The other answered, “That looks like a little … paraphernalia!”
The fat cop held up a little bag full of a green substance in one hand, and then a small dark-colored glass pipe in the other. The one holding me whispered in my ear: “Do you know the word busted, kid?”
I nodded.
“Hey! Lookee, Chuck, he understands English. Thought you were one those of NoHablaEnglisssh motherfuckers. I really hate that. You live in this country and you don’t know the fuckin’ language?”
The fat cop stood in front of me, dangling the drugs like a toy on a string. A small crowd had formed, on the other side of the turnstile, watching the show. I sighed and wanted to put some sort of mask on my face. “You’ll have to excuse my verbose and longwinded partner,” said the cop. “He’s a life-long bachelor.”
The guy holding me got a little angry at that and shoved me towards the doors. “Come on, kiddo, it’s time for you to take a ride.”
Outside, it had started to rain. Black raindrops in a black night, for my black mood. They led me through thankfully deserted streets to a van. Three other hoodie kids from the ghetto sat, handcuffed, like zombies in the back. The cops put me towards the front, a sort of “special” case. They said they liked “talking” to me.
I had the image of two lonely grand-aunts, talking and talking and talking just cause someone other than the two of them were there.
Occasionally, I would glance back and see the kids in the back staring angrily up at the front. Probably, not at me, but something told me I was in danger. Maybe not here, but, later tonight, somewhere. I sighed audibly. What’s left of my broken heart fell to the floor of that fucked-up-mobile, rattling around with all the empty soda cans and pieces of crumpled-up paper.
The cops drove us around for about an hour. They listened to their radio for the first couple minutes, but then turned it off and turned on the chatter. Back and forth they went, like chirping birds, one voice trying to eclipse the other in decibel level. Finally, they pulled in somewhere and turned off the engine.
“Come on, you moops, time for a bathroom break.”
“Yeah, you won’t be able to tell anyone we mistreated your sorry asses.”

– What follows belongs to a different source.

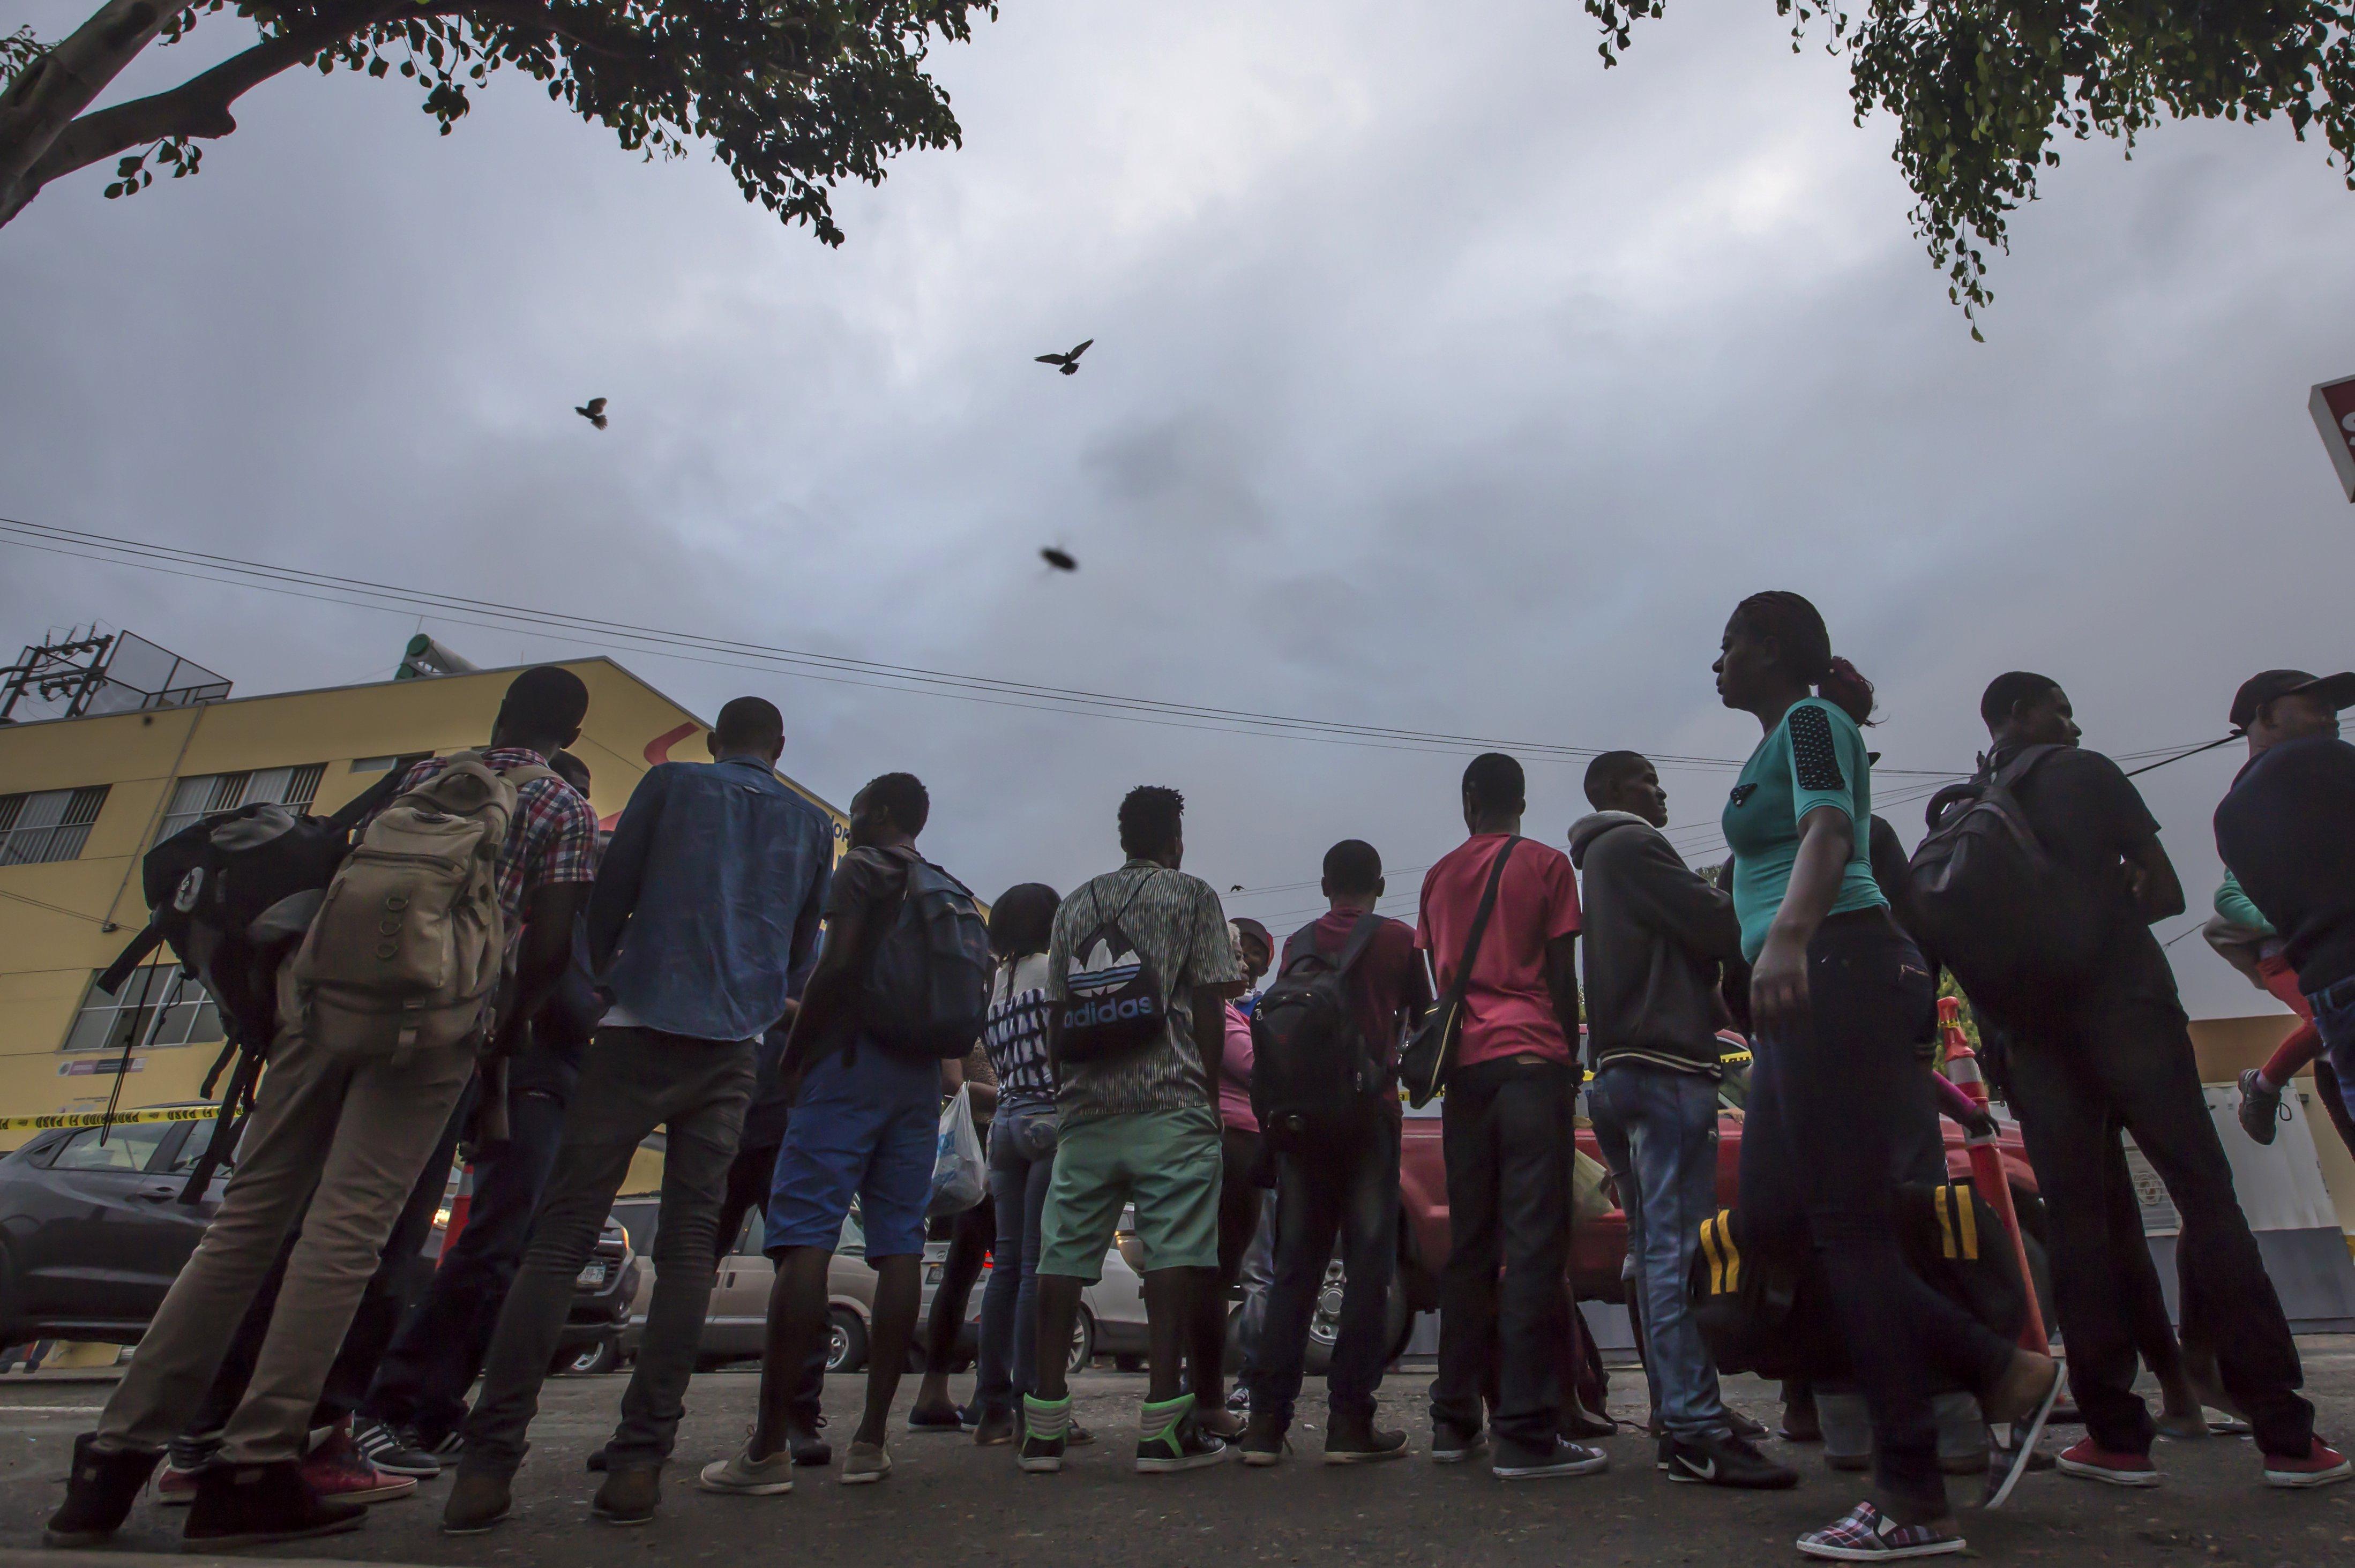 Segob otorgó la CURP a 142,500 refugiados extranjeros que solicitaron asilo y protección
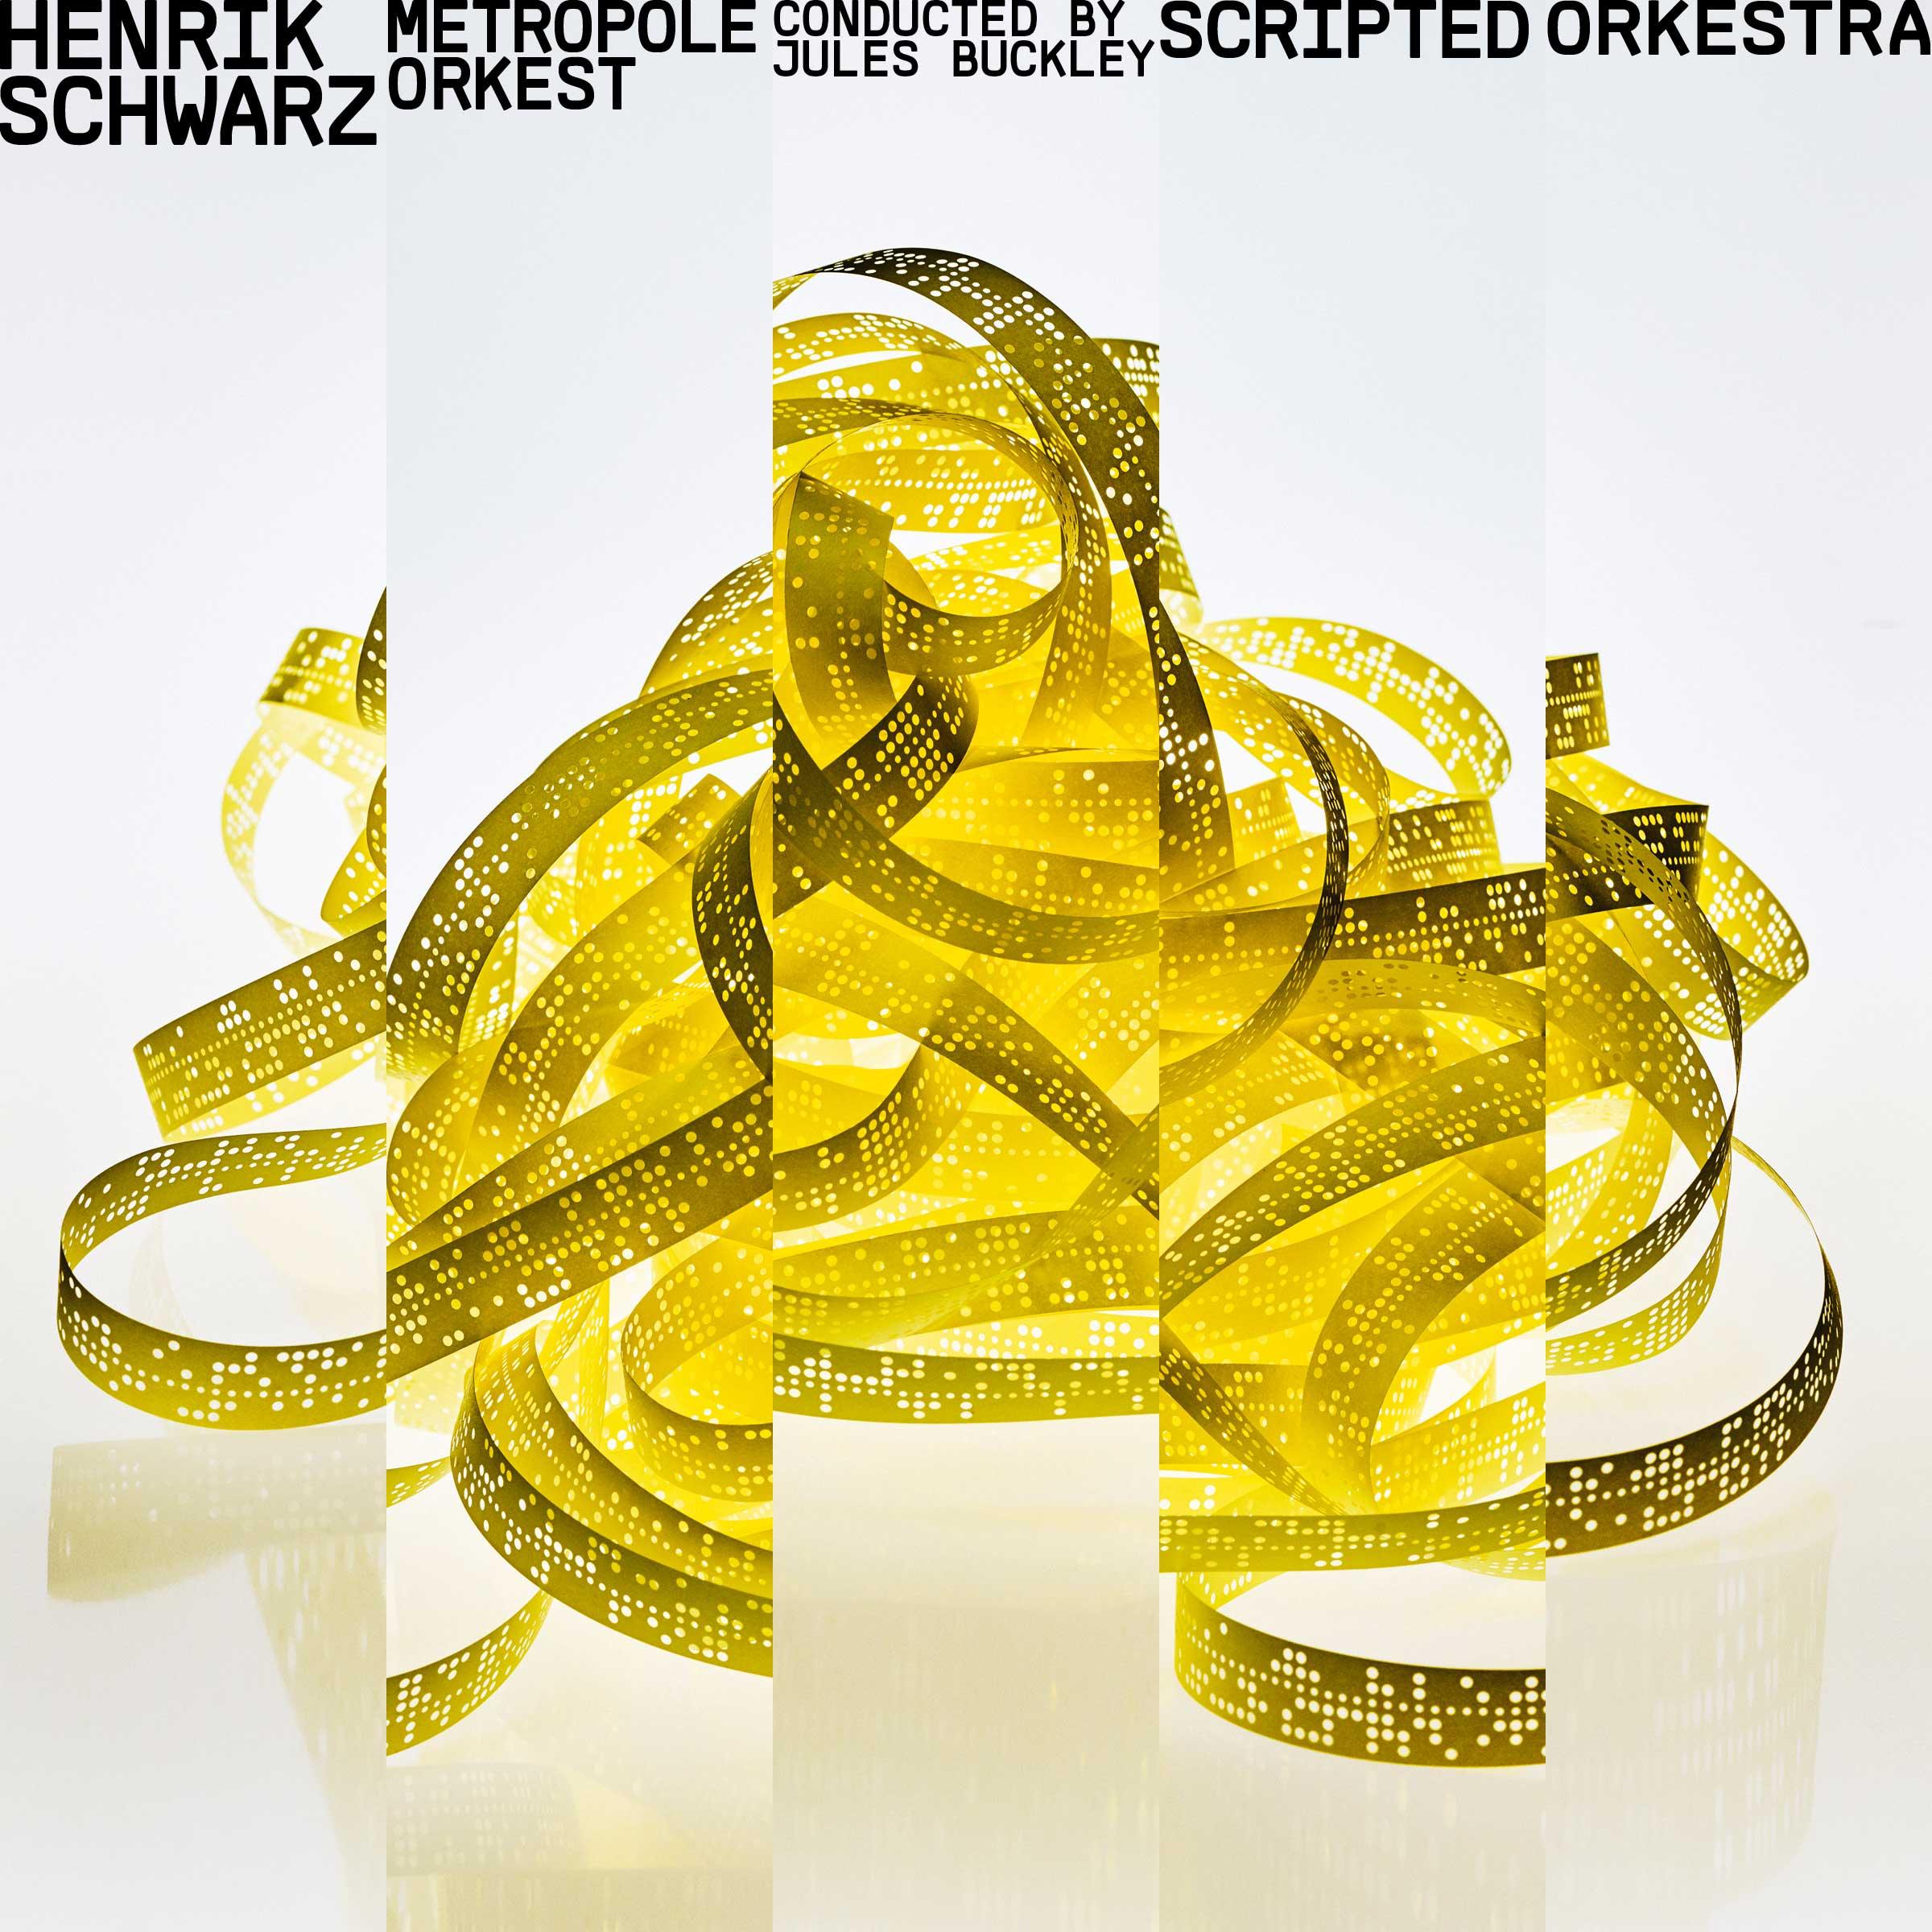 Henrik Schwarz Metropole Orkest Scripted Orkestra

We filed out like Holocaust-refugees in the rain, in a warehouse district of the city. Although I was just in handcuffs, the other three were in full shackles and connected, like a chain gang. I pitied them. We walked through an industrial size door into a ghost-image of an office. Cobwebs and shadows and broken glass. Doors with hinges missing, doors on the floor, doors painted red.
One of the cops said to me, “About a year back, some kids like you threw one of those “raves” here at the warehouse. After the “party”, some high kids stormed in here and wrecked the place, been deserted ever since.”
The other one added, “Fuckin’ kids.” They both laughed.
We reached a wide, dark hall. The doors to the Men’s and Women’s bathrooms were nowhere to be found, only the faded box-cutter image of a man and a man with a dress on differentiated the two. The fat cop started talking while the other one slowly released all of us.
“Allright, kids, we’re gonna give you a little taste of freedom. Play NICE, aight?, or you’re going to get your ass kicked. It’s getting late.” He pointed at the Ladies Room. “You little Ladies are in there. No way we’re gonna hold your dicks while you piss, so you guys just go in there, do your shit, and come the fuck out. No stupid shit.” He nodded at the Men’s Room. “We’ll be in here.”
The three hoodies started walking into the bathroom. I followed them, hesitantly. Immediately, the three shuffled into the three first, doorless stalls. I stepped quickly behind them to the last stall, the only one with a door. It was a cripple’s toilet and very large.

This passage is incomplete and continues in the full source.